そこには、(全て「幻想」の中でのお話しですが)恋人への愛と情熱、彼女を失ってしまった孤独・・・そして恋人を殺し、自身もその罪で断頭台で首を刎ねられるという「死」の概念も大きく横たわります

サン=サーンス「死の舞踏」
は、死神のヴァイオリンの出すメロディーに乗って骸骨(死人)たちが踊り出すという、「幻想」的な設定の下でグロテスクかつある種ユニークな「死」の世界を描いています。
(しかし、この「死の舞踏」の設定の下敷きには、かつて中世ヨーロッパに蔓延したペスト(ペスト菌による致死的な感染症)による数千万人とも言われる大量死の残酷な「現実」がありました。)

フォーレ「ペレアスとメリザンド」
も、アルモンドという架空の国で、そこに居た謎の女性(メリザンド)を巡って2人の兄弟(ゴローとペレアス)が対立し、弟(ペレアス)が嫉妬に狂った兄に刺されて死に、女性も兄(ゴロー)の子を産んで死ぬという、上記2作と違った形での「幻想」的な設定の下で、残酷な「死」の世界(結末)があるという内容です。

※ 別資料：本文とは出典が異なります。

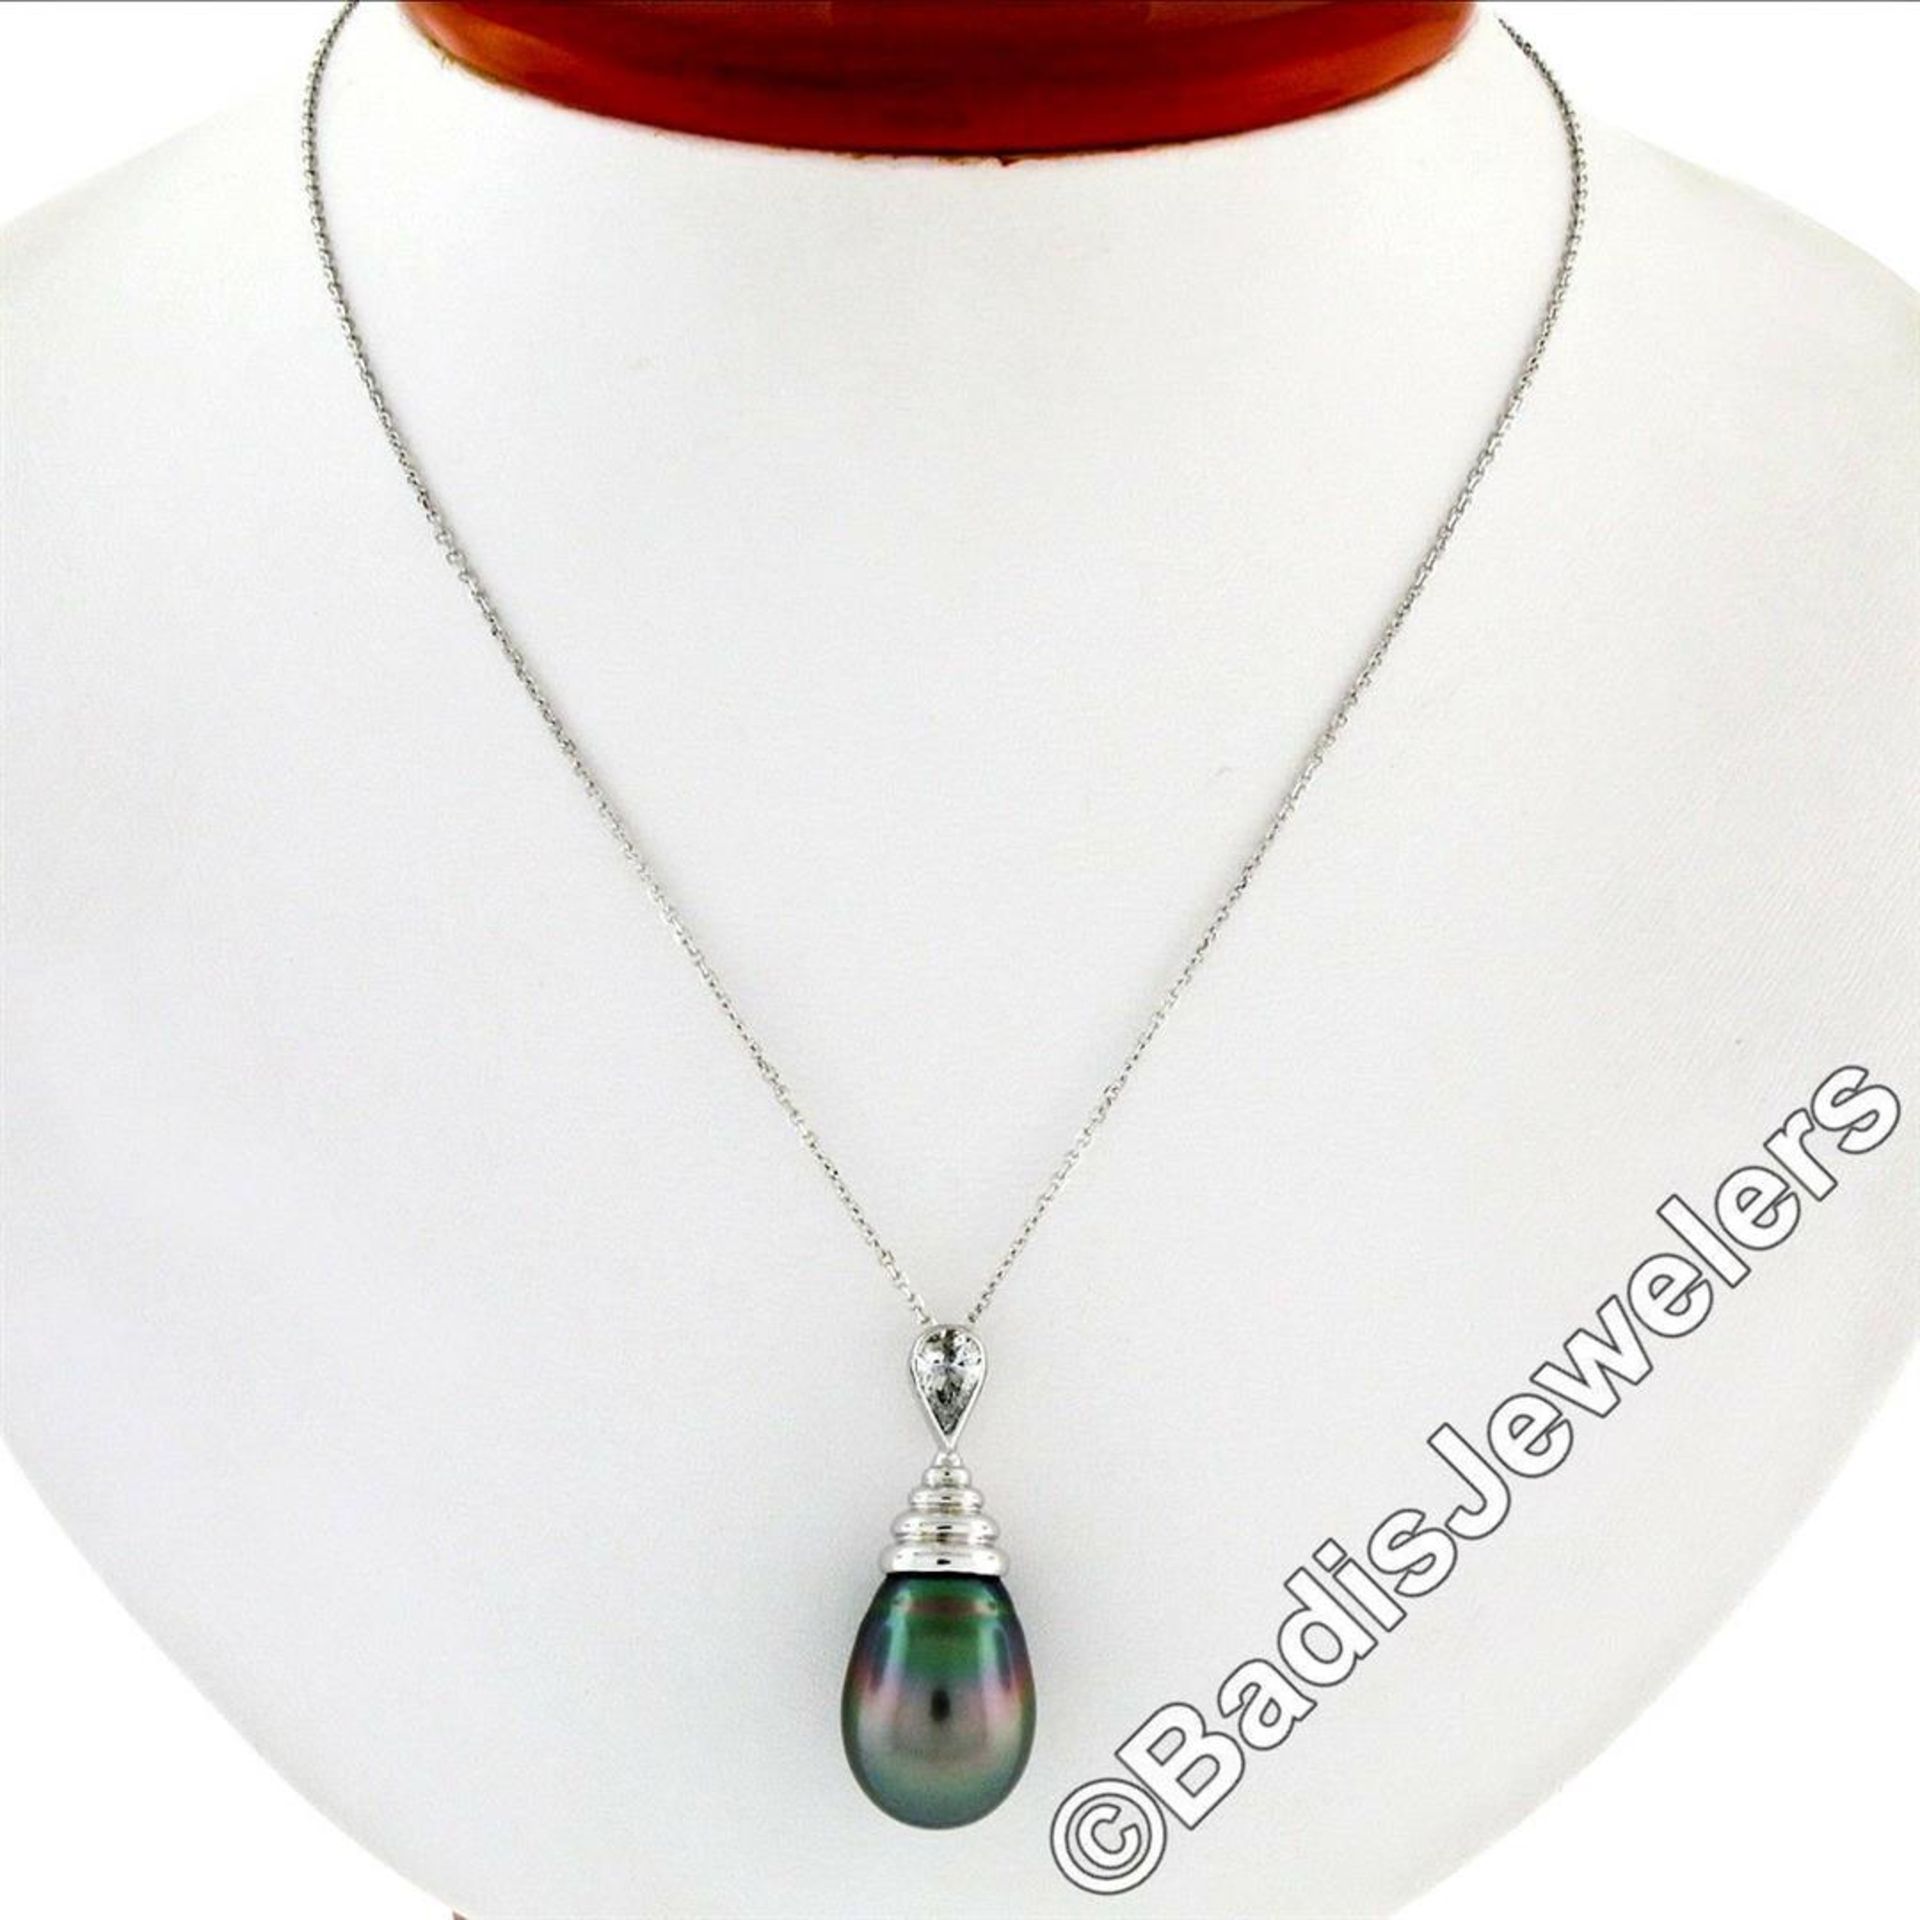 18kt White Gold Tahitian Black Pearl and 0.60 ct Diamond Pendant Necklace - Image 3 of 7

すなわち、これら3曲に共通しているのは、「幻想」的な設定と「死」の関与(設定や結末)なのです。


「タピストリー」
3.3曲個々の「幻想」と「死」の世界が演奏会で一つの形となる。

「タピストリー」というのは西洋の装飾用織物の一種で、いろんな色の糸が織り合わさって、綺麗な文様(絵)となります。
古来からフランスでは、聖書のエピソードや古詩、叙事詩、王侯貴族たちの歴史など、多くの「事項」や「物語」を綴ってきた「絵画」とか「絵巻」として、意味のある文様(絵)を持ったタピストリーが数多く作られてきました。
このホームページにフランスのタピストリーに関する詳細が書かれております。)

3曲それぞれが持っている違った「色(雰囲気)」の「死」「幻想」、そしてそれぞれの曲が持つ独自の「色」の糸が織り合わさって、意味のある文様を持った「タピストリー」となっていく・・・

一見バラバラに見える演奏会の曲目が、「死」と「幻想」という共通の概念によって結ばれ、さらにそれぞれの曲が持っている独特の雰囲気と相まって、何か纏まった意味のあるものになると考えたのです。

さて、3曲共通の概念たる「死」「幻想」、その他にも「幻想交響曲」の持つ「愛」「情熱」「孤独」「狂気」の要素、「死の舞踏」が持つ(残酷な現実をペーソスとした)「ブラックユーモア」の要素、「ペレアスとメリザンド」の持つ「謎」「嫉妬」「悲劇」の要素・・・
それらの「糸」が織り合わさってできた「タピストリー」どのような「文様」となって、皆様に見えるのでしょうか?

・・・それは、
第35回定期演奏会でのお楽しみと致しましょう!


(蛇足です・・・)
ちょっと恥ずかしいのですが、私は「タピストリー」を勉強で習ったわけではなく、「MASTER(マスター)キートン」(作:勝鹿北星 画:浦沢直樹)という漫画のある1話で感慨を受けて知ったのです。
ちょうどその話は、西洋のある城の先祖の遺したタピストリーに、ペストで瀕死の領民を城壁の外から石で城内に入れないよう追い出している様子が描かれているために、「ペストの領民を見捨てた残酷な領主の一族」との烙印を押されてしまった城主の末裔の苦悩が描かれていました。ところが、その漫画の主人公がタピストリーにもう一つの断片があることを発見し、それが何と京都の祇園山傘の装飾として用いられていたタピストリー(おそらく城主の政敵の手を渡って、日本に持ち込まれたもの)の一つであることが分かりました。そして、その断片と城のタピストリーをくっつけると、何とペストに溢れている城外の様子とは別に、城内では、ペストから逃れて城主に感謝を捧げている健康な領民の姿が描かれていたのです! これを見た城主の末裔は、自分の先祖は実は領民をペストから守っていたという事実を知り、汚名を濯がれ、改めて自分の血筋に誇りを持ったと言うことです。
タピストリーには、糸の織りなす文様の他に、それぞれの断片の繋がりによって示される奥深い「意味」もあるということですね。